__Recorded information__
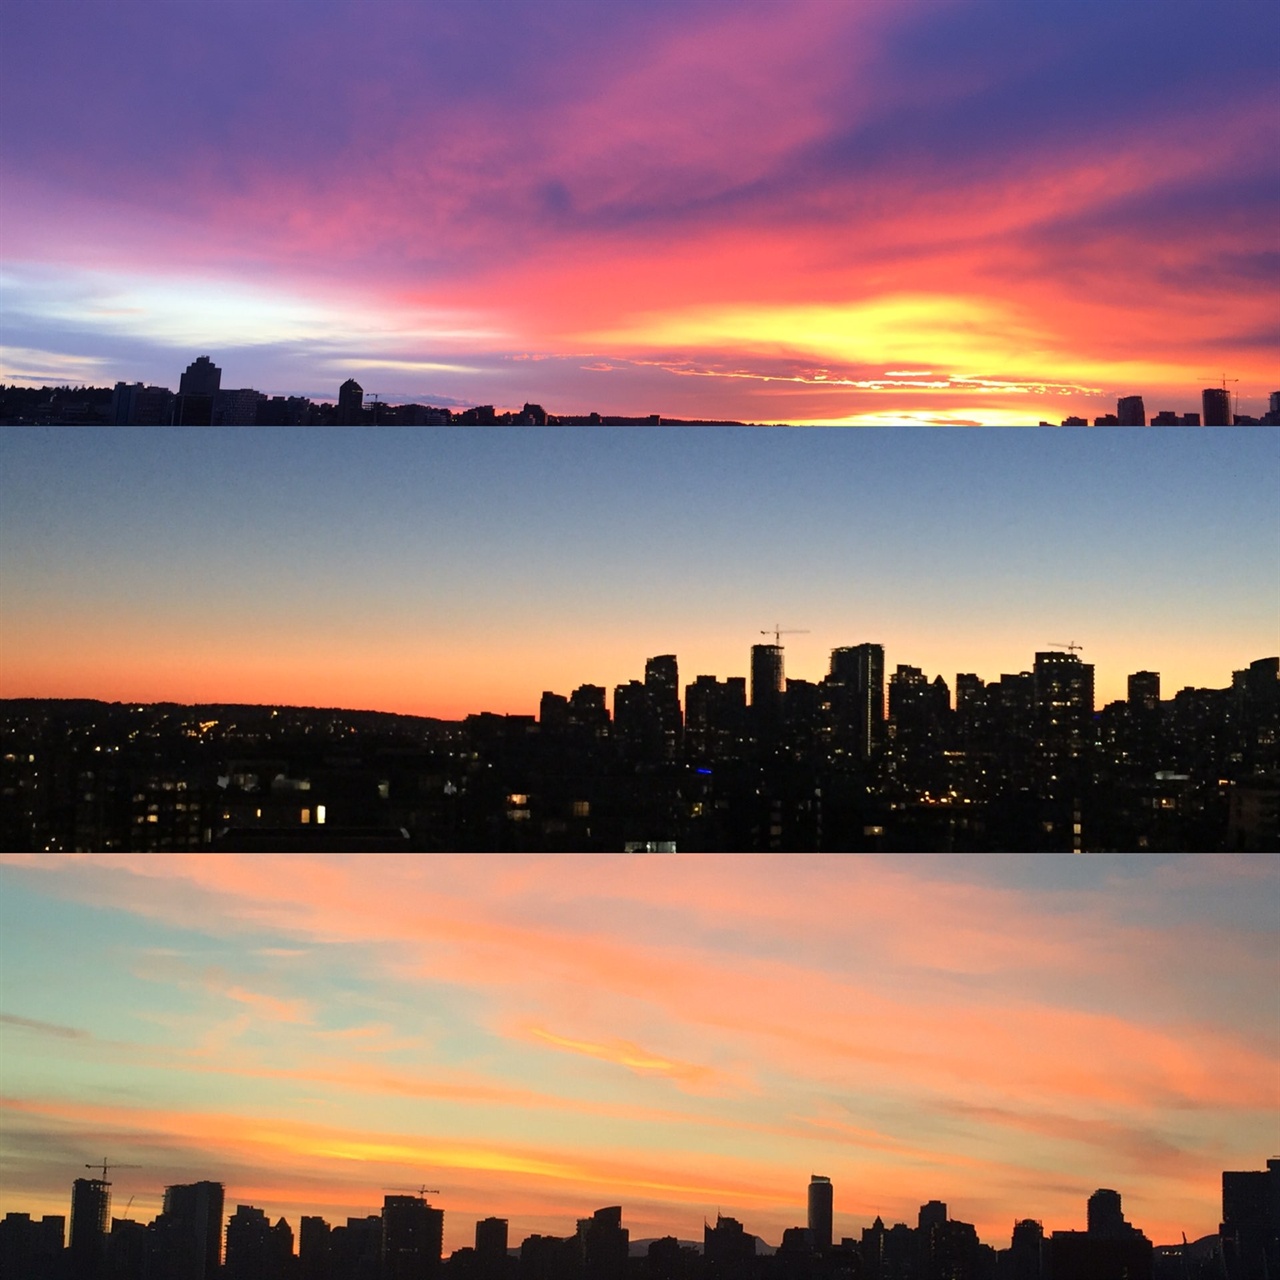 발코니에서 바라본 밴쿠버의 석양. 맑은 하늘은 매일 달라지는 빛의 다채로움을 느끼게 해준다. 
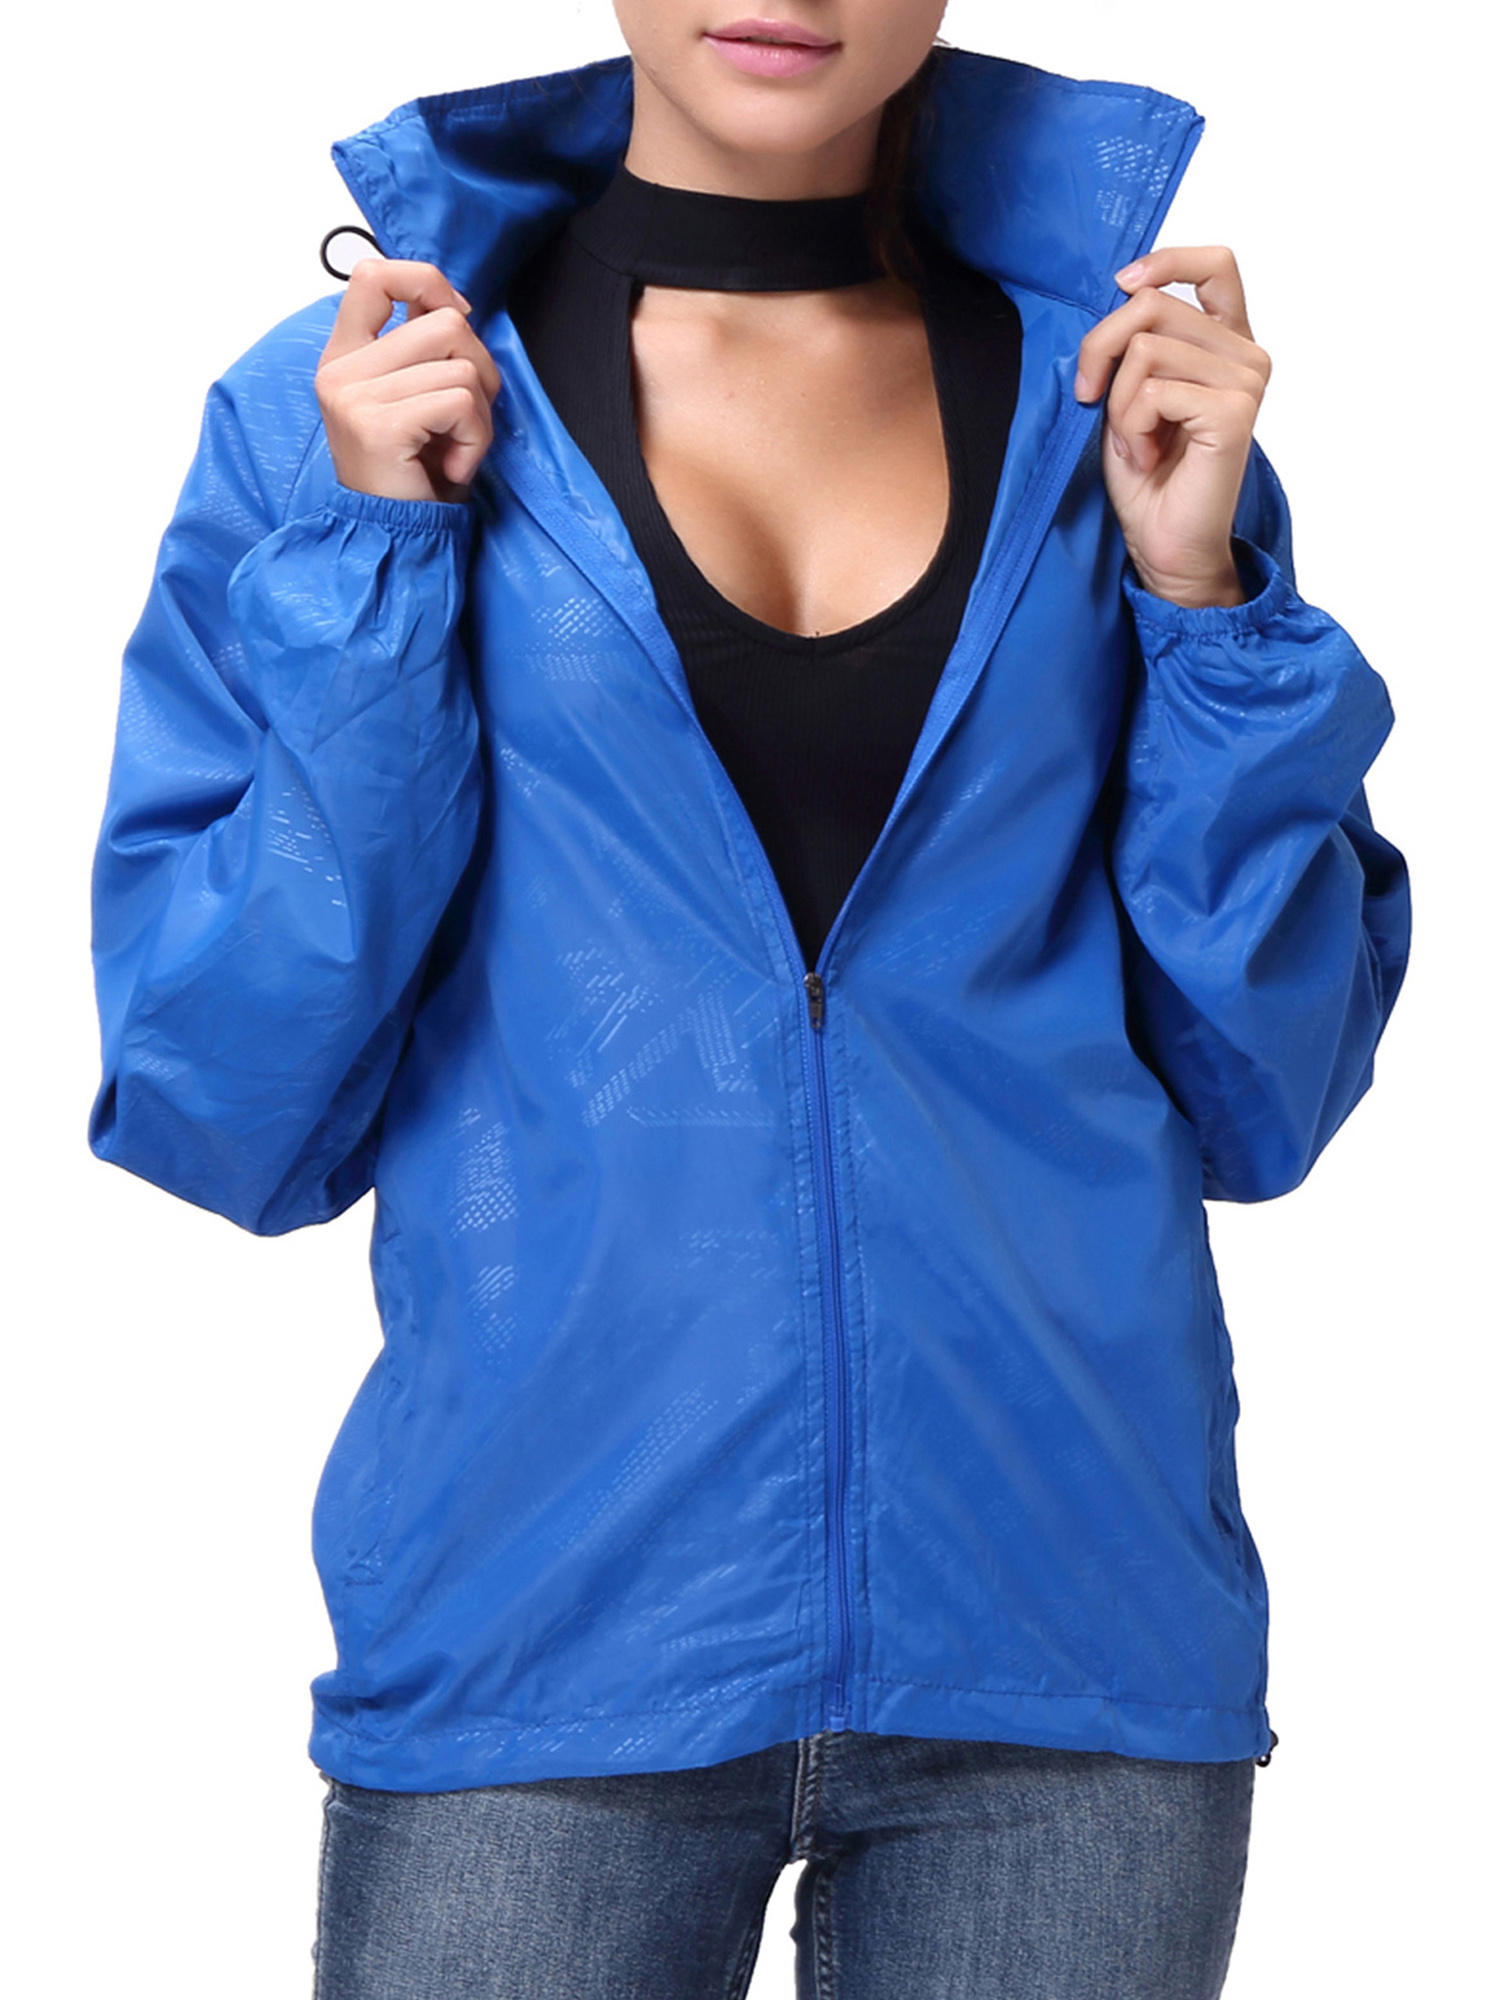 LELINTA Womens Fashion Lightweight Jacket Waterproof Windbreaker Packable Jacket Classic Zipper-Up Hoodie Active Sportswear - image 1 of 9
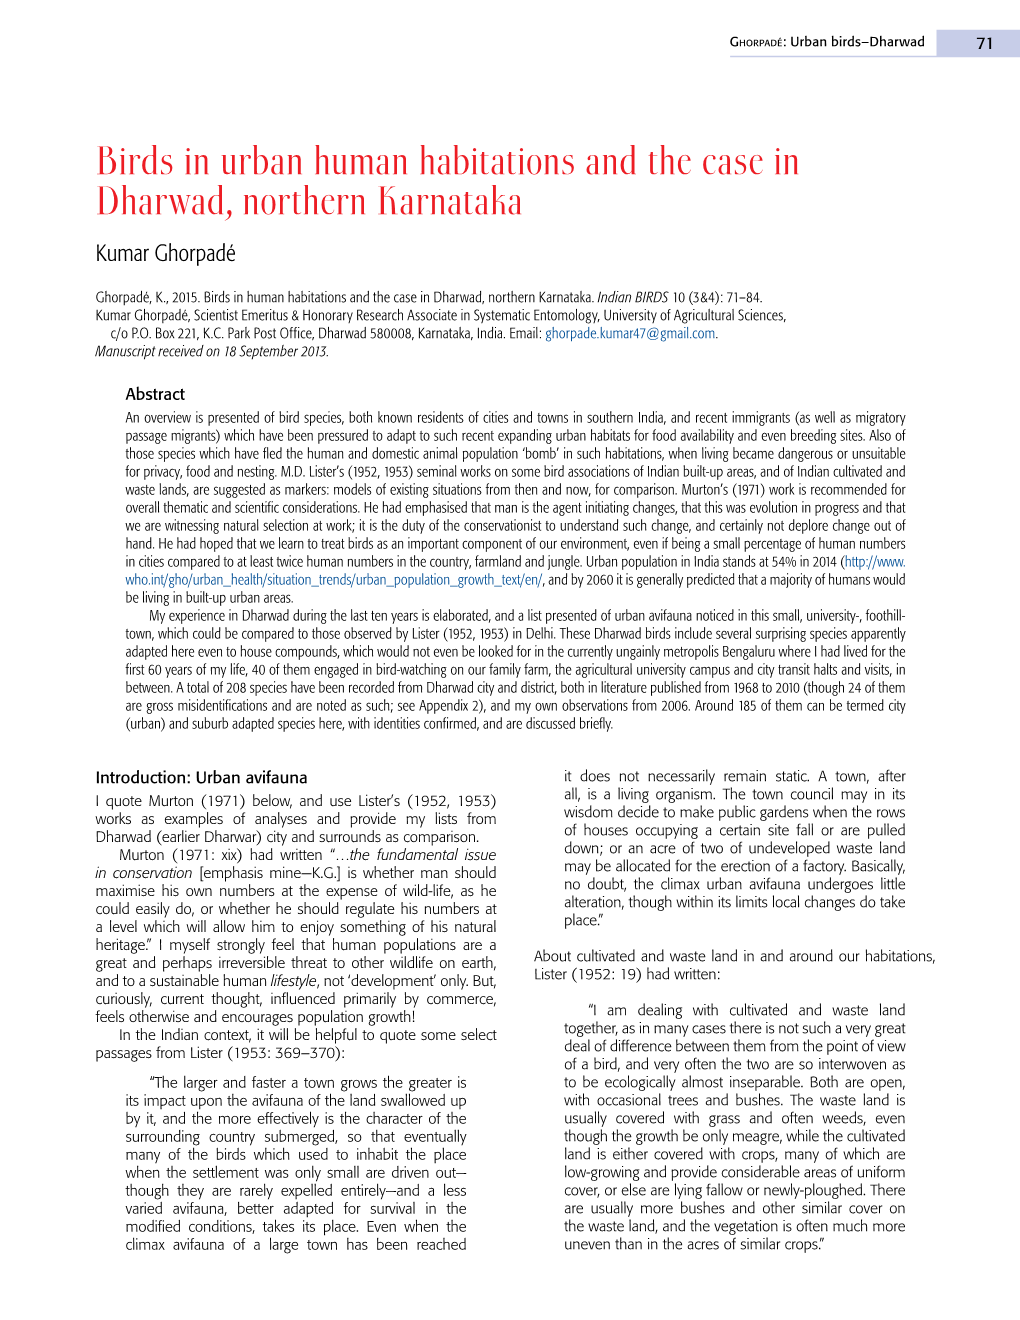 Birds in Urban Human Habitations and the Case in Dharwad, Northern Karnataka Kumar Ghorpadé

__What to produce__
Copy out every line of the material above precisely, omitting the pictures.

__Answer space__
 발코니에서 바라본 밴쿠버의 석양. 맑은 하늘은 매일 달라지는 빛의 다채로움을 느끼게 해준다. 
 LELINTA Womens Fashion Lightweight Jacket Waterproof Windbreaker Packable Jacket Classic Zipper-Up Hoodie Active Sportswear - image 1 of 9
 Birds in Urban Human Habitations and the Case in Dharwad, Northern Karnataka Kumar Ghorpadé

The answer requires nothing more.